Question

graph each equation.

1. \\(\dfrac{x^2}{4} + \dfrac{y^2}{9} = 1\\)

Explanation:

Step1: Identify the ellipse standard form

The given equation is \(\frac{x^{2}}{4}+\frac{y^{2}}{9} = 1\), which is in the standard form of an ellipse \(\frac{x^{2}}{b^{2}}+\frac{y^{2}}{a^{2}}=1\) (since \(a>b\) and major axis is along y - axis), where \(a^{2}=9\) and \(b^{2}=4\). So, \(a = 3\) and \(b = 2\).

Step2: Find the vertices and co - vertices

• For the major axis (along y - axis), the vertices are \((0,\pm a)=(0,\pm3)\).
• For the minor axis (along x - axis), the co - vertices are \((\pm b,0)=(\pm2,0)\).

Step3: Plot the points

• Plot the vertices \((0, 3)\), \((0,-3)\) and the co - vertices \((2,0)\), \((- 2,0)\).
• Then draw an ellipse passing through these four points. The ellipse will be symmetric about both the x - axis and y - axis.

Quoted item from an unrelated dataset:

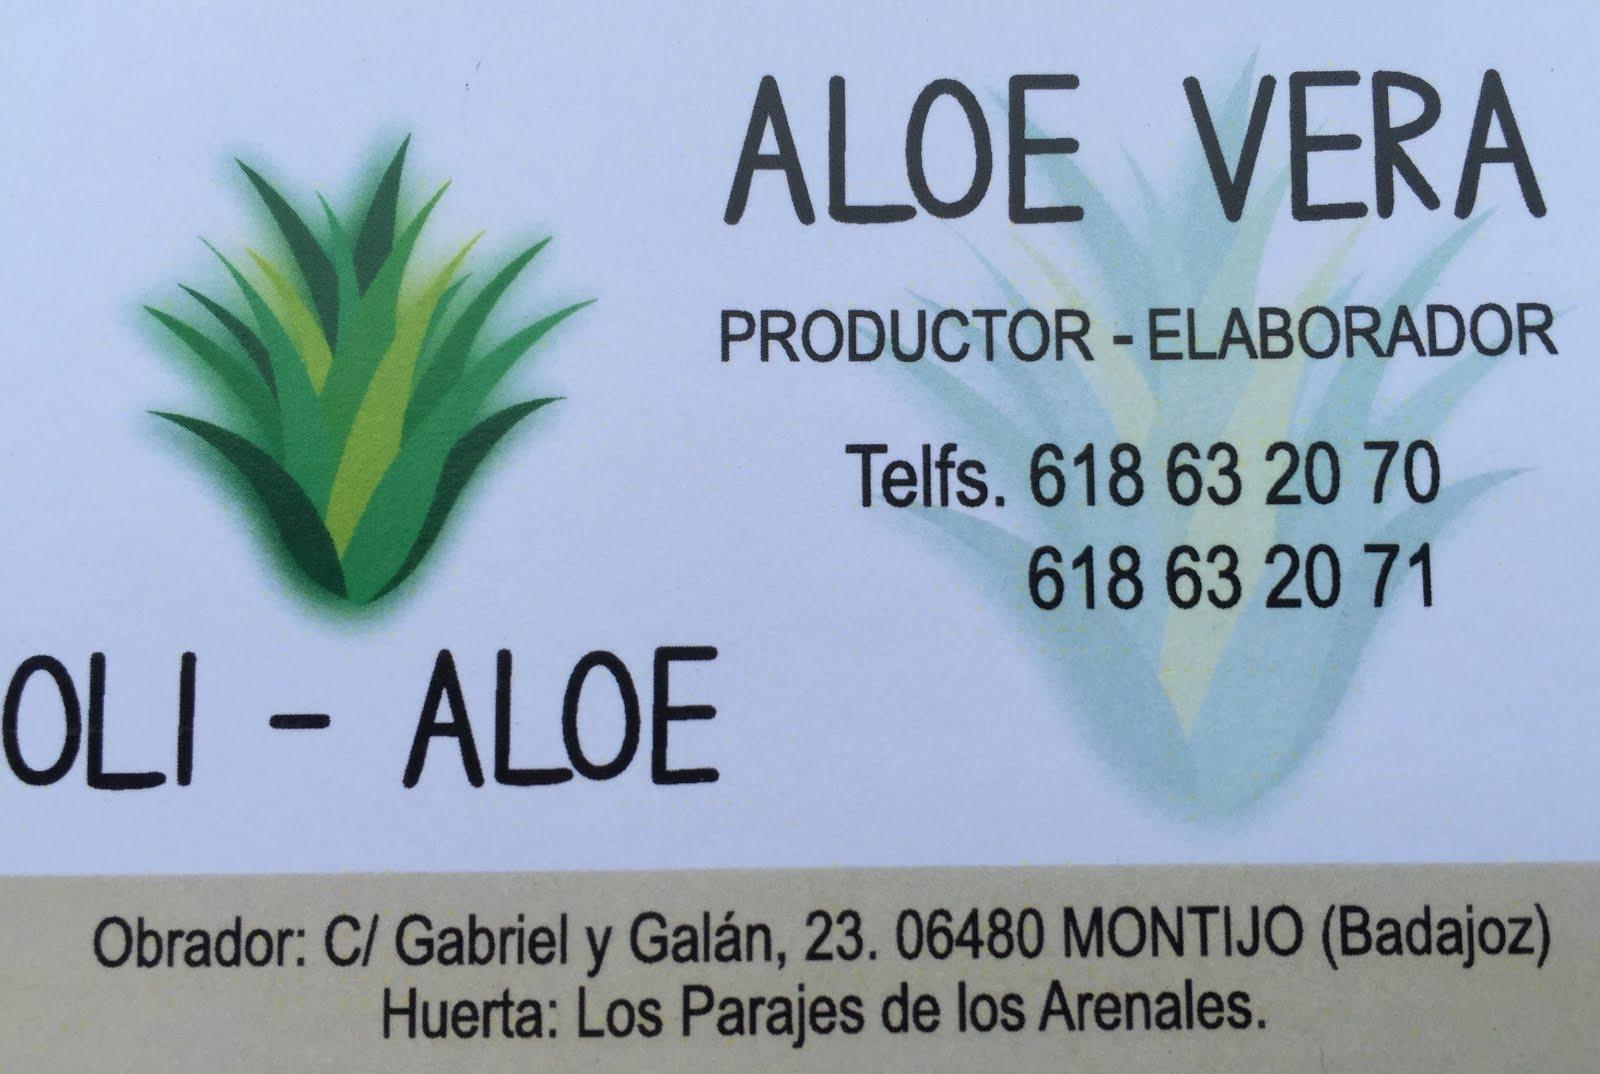 OLI - ALOE

(Note: Since the problem asks to graph the equation, the final answer is the graph of the ellipse with vertices at \((0,\pm3)\) and co - vertices at \((\pm2,0)\) as described above. If we were to describe the key points for plotting:

• When \(x = 0\), \(y=\pm3\) (from \(\frac{0^{2}}{4}+\frac{y^{2}}{9}=1\Rightarrow y^{2}=9\Rightarrow y = \pm3\)).
• When \(y = 0\), \(x=\pm2\) (from \(\frac{x^{2}}{4}+\frac{0^{2}}{9}=1\Rightarrow x^{2}=4\Rightarrow x=\pm2\)).
• Then connect these points smoothly to form the ellipse.)

Answer:

The graph is an ellipse centered at the origin \((0,0)\) with vertices at \((0, 3)\), \((0,-3)\) and co - vertices at \((2,0)\), \((-2,0)\), and the ellipse is drawn passing through these four points (symmetric about x - axis and y - axis).